Mesleki eğitim ilkeleri

Yükseköğretim aşamasında, öğretimin didaktik ilkelerinin kendi sistemlerindeki payının oranı değişmektedir. Bu, bunların bir kompleks içinde kullanımlarını olumsuzlamaz, ancak oyun etkinlikleri açıkça arka plana çekilir ve yalnızca tipik durumları canlandırırken gerçekleştirilir.

Bağımsız iş
Bağımsız iş

Her şeyden önce, mesleki eğitimin didaktiği, eğitim normlarının mevcut üretim durumuna karşılık gelmesini gerektirir. Bu, teorik kursa yeni bilgiler eklenerek ve pratik alıştırmalar için modern ekipman kullanılarak elde edilir. Bu gereksinimlerden, didaktik ilke mantıksal olarak gelir.gelişimsel eğitim: öğrenci sadece mevcut üretim tabanını tam olarak bilmekle kalmamalı, aynı zamanda daha ileri gelişimini bağımsız olarak algılamaya hazır olmalıdır.

Teori ile pratik arasında bağlantı kurarken görünürlük ilkesini uygulamak gerekir. Teorik kursa görsel diyagramlar ve çizimler eşlik etmelidir.

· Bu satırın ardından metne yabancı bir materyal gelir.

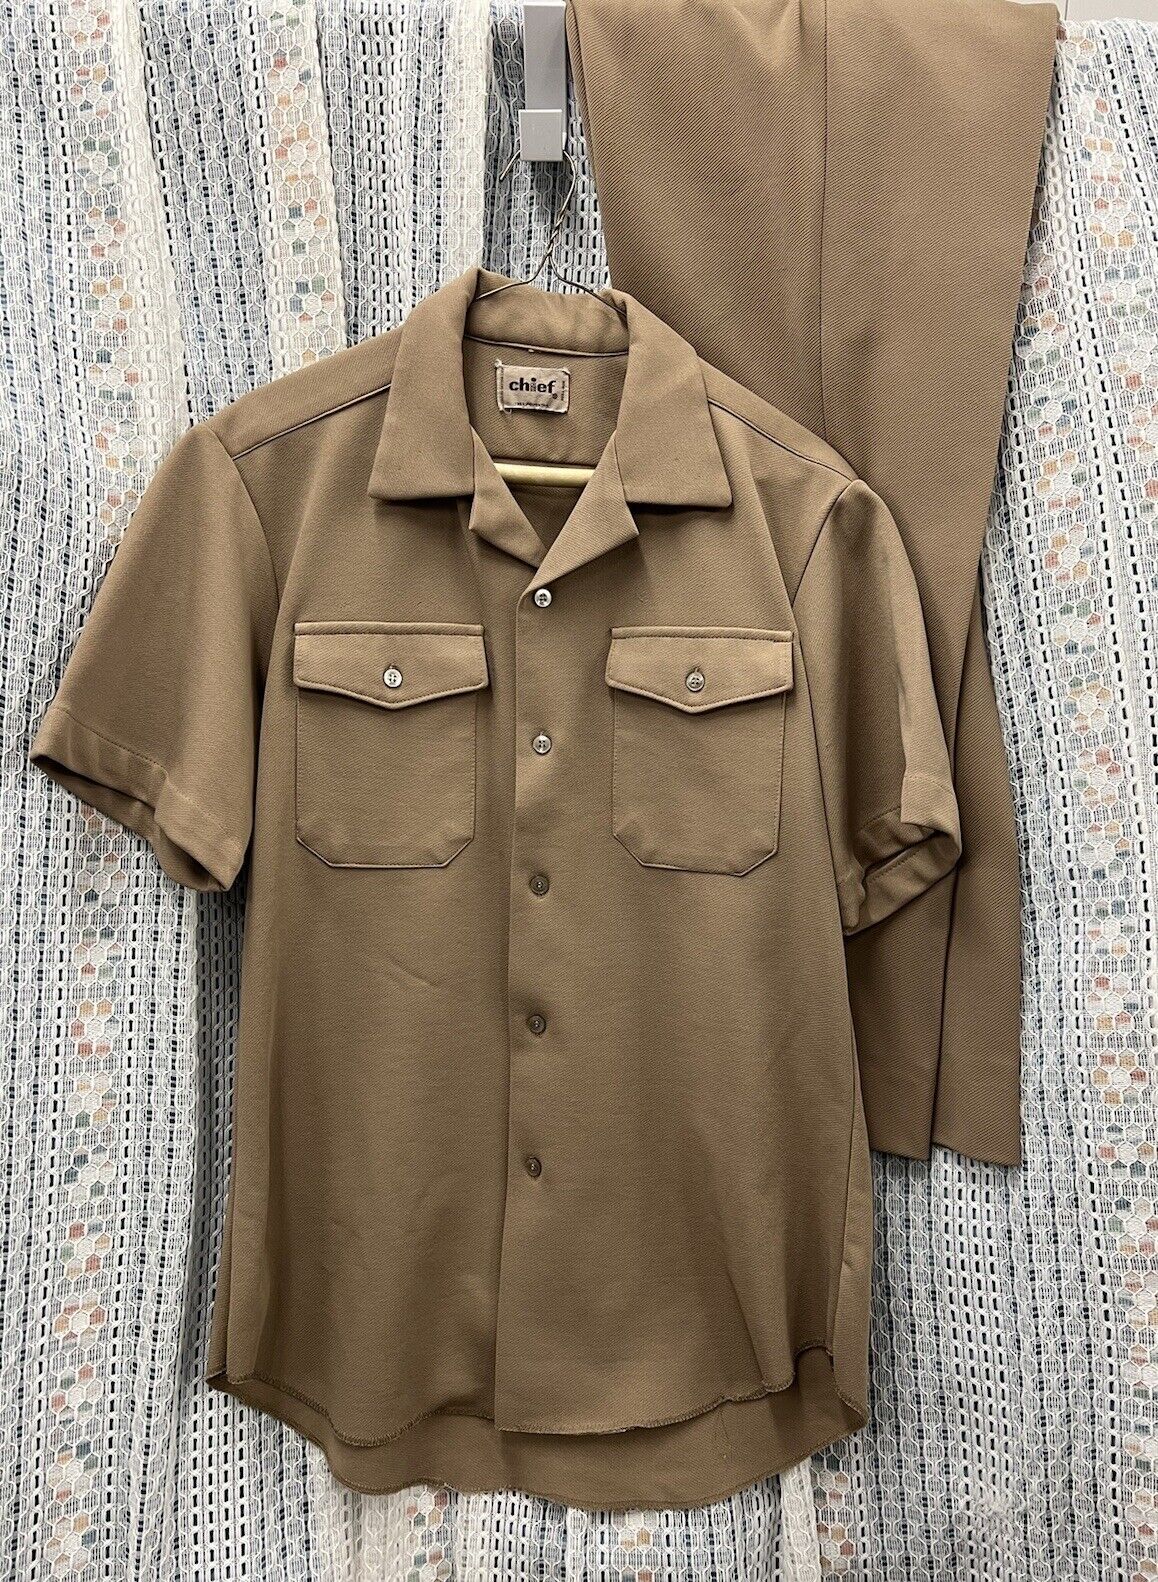 VTG Vietnam Era US Army Polyester Khaki Short Sleeve Shirt Pants Uniform Texture

Yüksek öğrenimin vazgeçilmez bir unsuru, öğrencilerin bilgilerini test etme ve pekiştirme fırsatı buldukları iş deneyiminin mevcudiyetidir.

Son olarak, bağımsız çalışma, mesleki eğitim alma sürecinde belki de en önemli rolü oynar. En yüksek kalitede dersler ve kapsamlı uygulamalı alıştırmalar bile, kendi kendine çalışma gibi gerekli bilgi konusunda böylesine sağlam bir ustalığa katkıda bulunmaz. İş sürecini planlama, teknik belgelerden gerekli bilgileri elde etme, işini kontrol etme ve sorumluluk alma becerileri ancak onlar sayesinde oluşur.

Didaktik ilkelerin anlamı

Didaktik sayesinde, kapsamlı bir yeni bilgi ustalığı gerçekleştirilir ve eğitim süreci öğrencinin kişiliğine odaklanır. Neredeyse tüm didaktik öğretim ilkeleri konu derslerinde uygulanmaktadır: bazıları daha büyük ölçüde, bazıları daha az ölçüde. Bununla birlikte, bunların toplu olarak kullanılması, bir çocuktan dünya ve kendisi hakkında bağımsız bilgi sahibi olmaya hazır, profesyonel faaliyetlerde bulunabilen ve topluma fayda sağlayan bir kişilik yaratmayı mümkün kılar.